1864–65 mapping of Jerusalem

The Ordnance Survey of Jerusalem of 1864–65 was the first scientific mapping of Jerusalem, and the first Ordnance Survey to take place outside the United Kingdom. It was undertaken by Charles William Wilson, a 28-year-old officer in the Royal Engineers corps of the British Army, under the authority of Sir Henry James, as Superintendent of the Ordnance Survey, and with the sanction of George Robinson, 1st Marquess of Ripon as Secretary of State for War. The team of six Royal Engineers began their work on 3 October 1864. The work was completed on 16 June 1865, and the report was published on 29 March 1866.

During the resulting search, he produced "the first perfectly accurate map [of Jerusalem], even in the eyes of modern cartography", and identified the eponymous Wilson's Arch. He was unable to find a new source of water.

Over a century after the survey, Dan Bahat described it as "a watershed in the exploration of Jerusalem and its past",. The Jerusalem Post said that Wilson's efforts "served as the basis for all future Jerusalem research".

The survey provided the foundation and impetus for the creation of the Palestine Exploration Fund. The first meeting of the Fund took place on 22 June 1865, less than a week after the completion of the Ordnance Survey, and Charles Wilson was appointed by the Fund as the Chief Director of their proposed exploration of the rest of Palestine. In July 1866 Dean Stanley described the Ordnance Survey as a "sort of pre-historic stage of our Palestine Exploration Fund".

It was the most influential and reliable map of Jerusalem until the British Mandate's Survey of Palestine, which published a 1:2,500 map of the Old City of Jerusalem in 1936.

==History==
The catalyst for the survey was an 1864 petition from Arthur Penrhyn Stanley (the Dean of Westminster), representing a committee which included the Bishop of London Archibald Campbell Tait, to George Robinson, 1st Marquess of Ripon (the Secretary of State for War). Dean Stanley had accompanied the Prince of Wales (later Edward VII) on his 1862 trip to Jerusalem; his request was for a survey to find new sources of water to improve the city's water supply.

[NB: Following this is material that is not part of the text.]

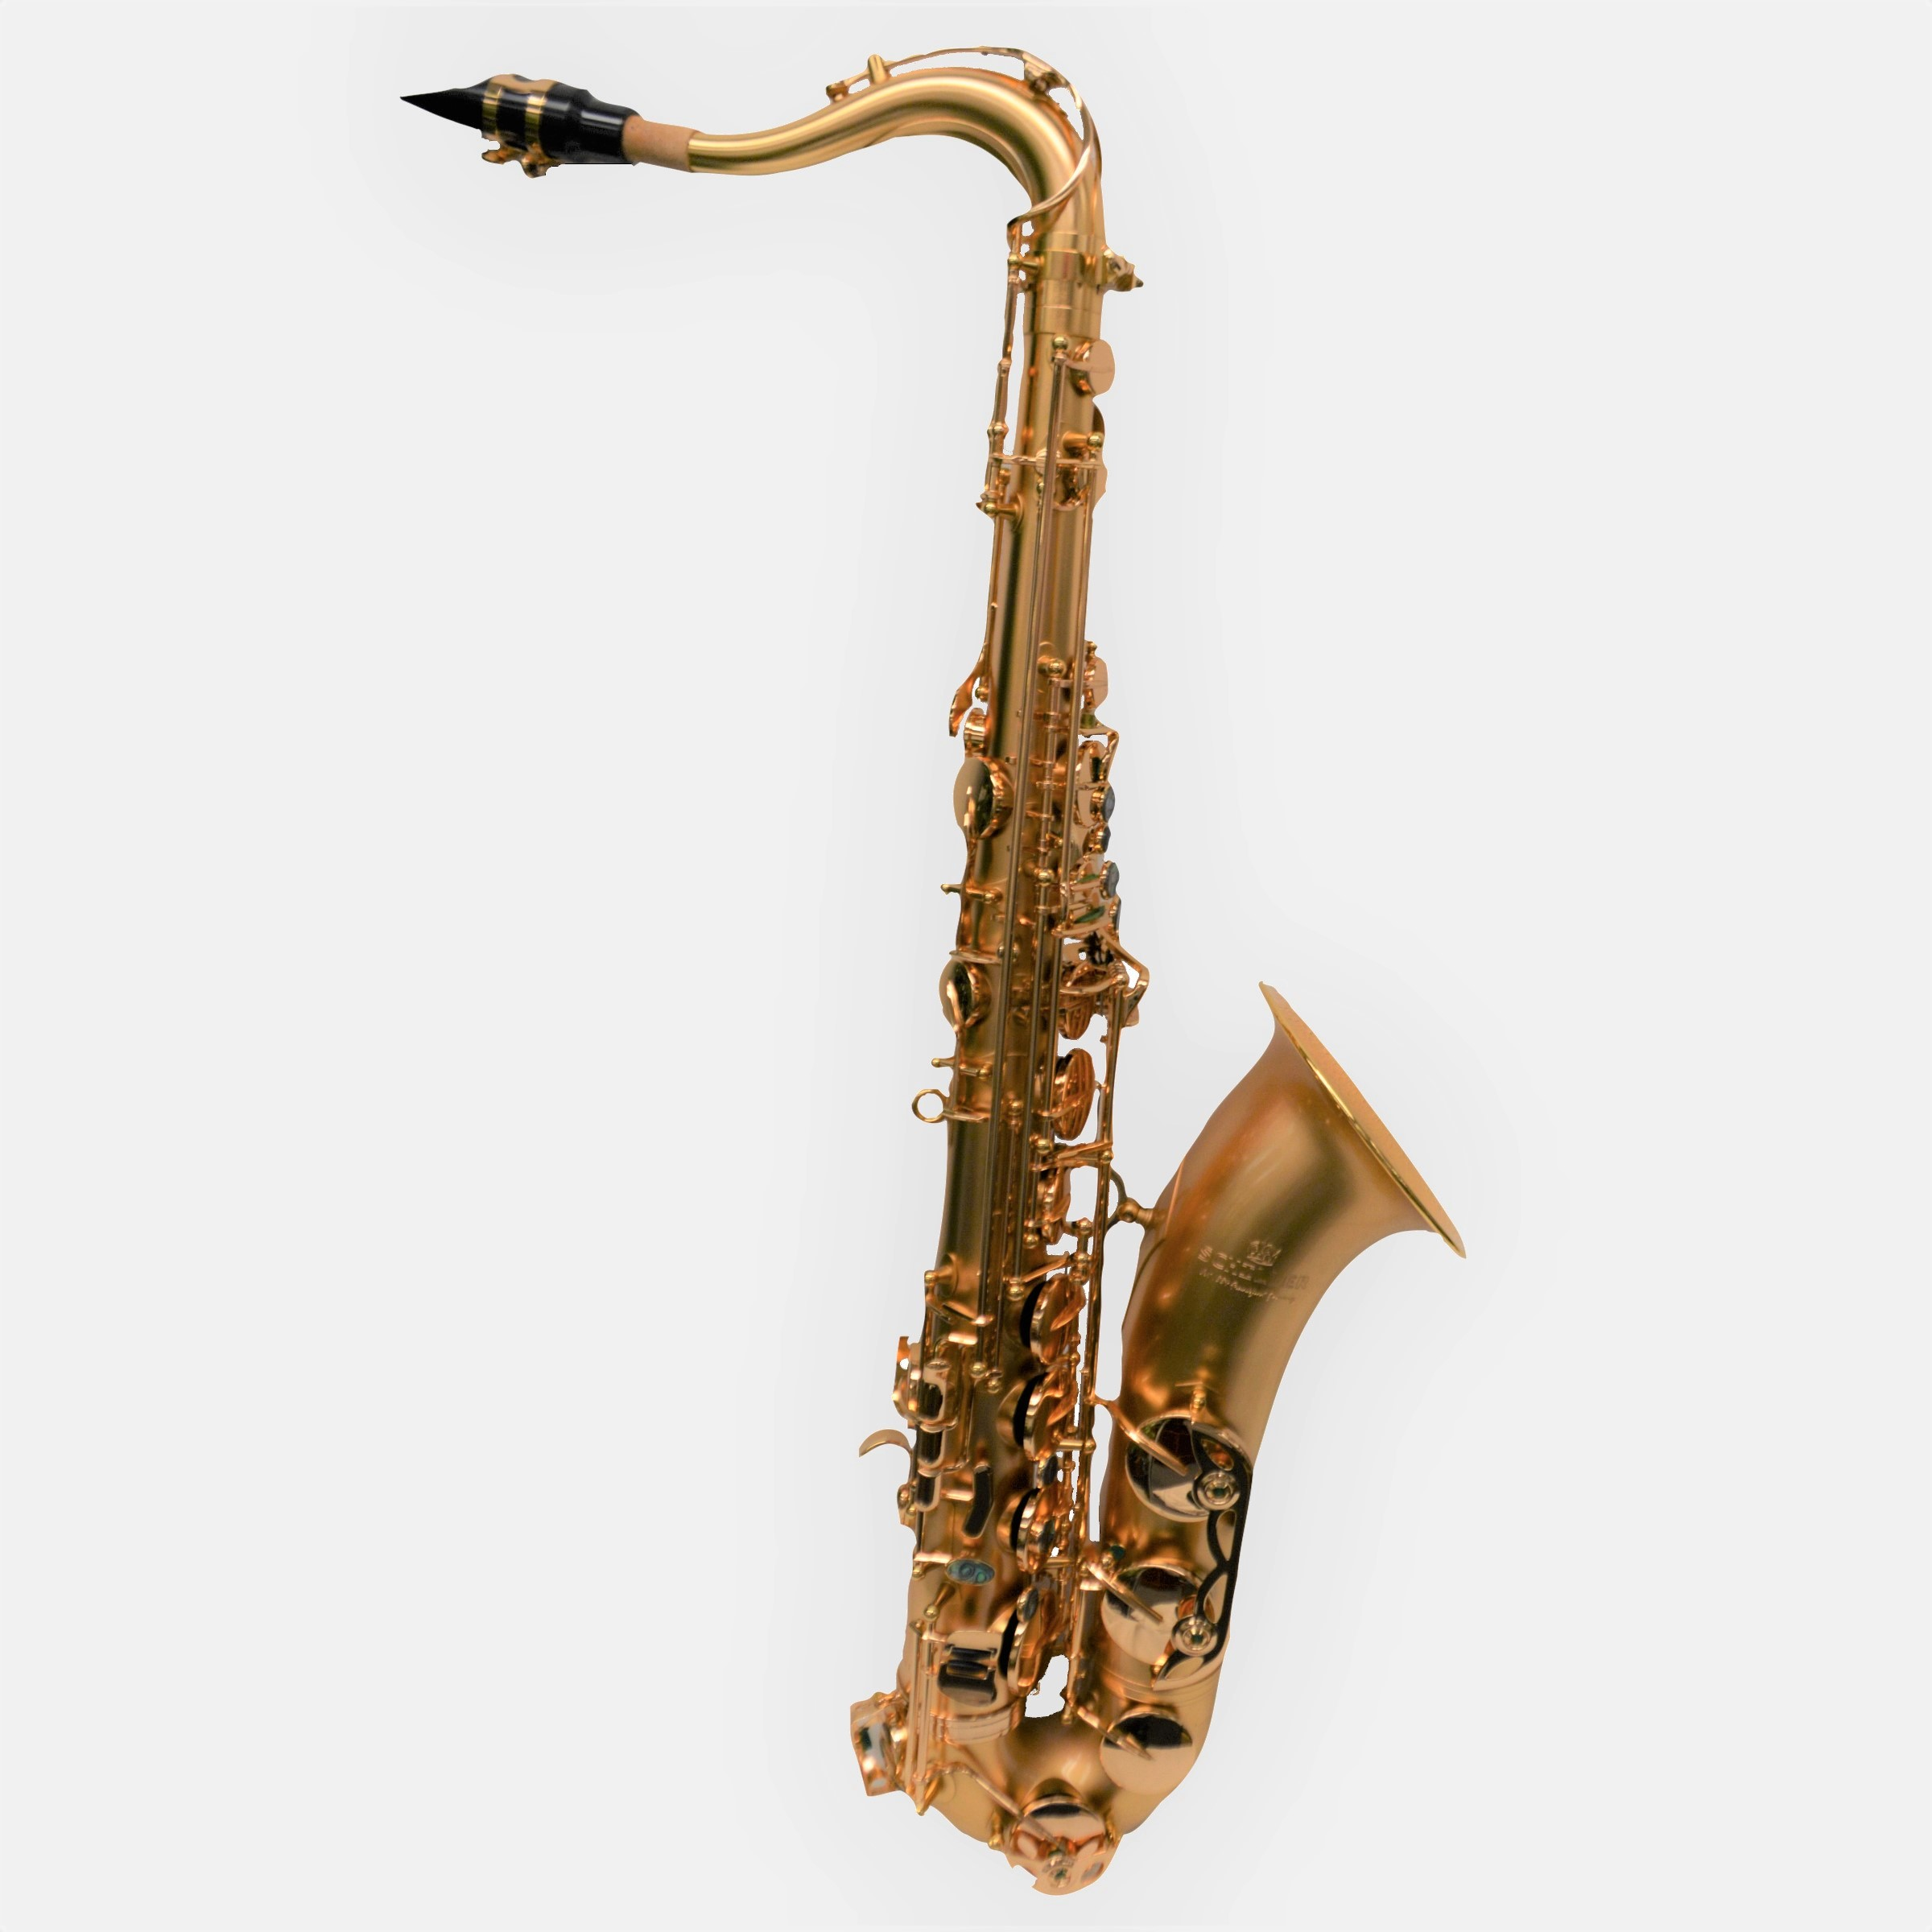 Schiller Elite Luxus V Tenor Saxophone – Satin Gold

The cost of providing the Royal Engineers surveyors (Wilson and his team) was covered by the British Government's War Office. The introduction to the survey stated that the £500 cost of the survey was funded by the wealthy Angela Burdett-Coutts, 1st Baroness Burdett-Coutts, whose primary motivation was to find better drinking water for those living in the city. However, the issue of “water relief” to the city was subsequently sidelined; in the words of Moscrop “the issue just vanishes.” No improvements were made to the water supply until the end of the century.

Haram Ash Sharif

As Austen Henry Layard made clear at the first public meeting of the PEF on 22 June 1865, the Ordnance Survey had been conducted “under the auspices of the War Department and with the sanction of the Government”

==Legacy==
One of the survey's most significant aspects was that it was the first work to investigate the underground features of the Temple Mount (referred to in the survey as the Haram As-Sharif), such as its cisterns, channels and aqueducts.

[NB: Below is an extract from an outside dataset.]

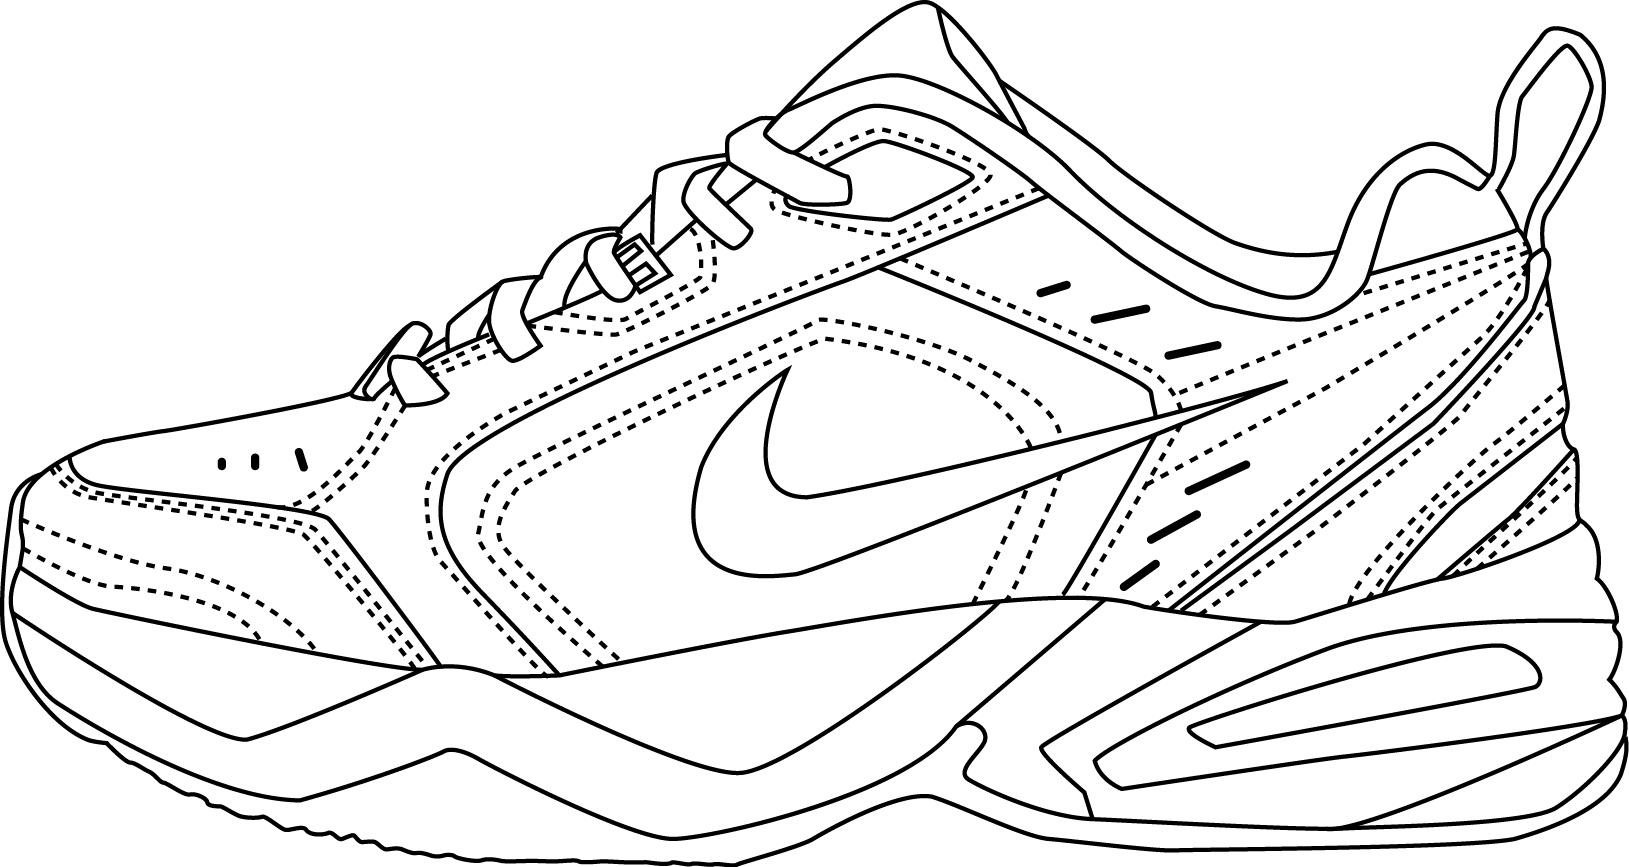 I will convert image to line art vector illustration

Archaeologist Shimon Gibson summed up the legacy of the Ordnance Survey of Jerusalem as follows (underline added):

What is quite clear is that a major change in the character of the exploration of ancient Jerusalem occurred in the 19th century, with a fascination for the past of the city, fanciful or otherwise, being replaced by that of a scientific concern for the tangible antiquities of the city. The Ordnance Survey conducted by Wilson in 1864 and 1865 marks this turning point. The ancient past of Jerusalem was no longer a matter for armchair scholarly discourse, turning upon the credibility and background of a given scholar, but had now become a matter for clear-cut scientific rigor, which could only be based on facts obtained in empirical fashion, whether through the taking of exact measurements, photography, or excavations in the ground.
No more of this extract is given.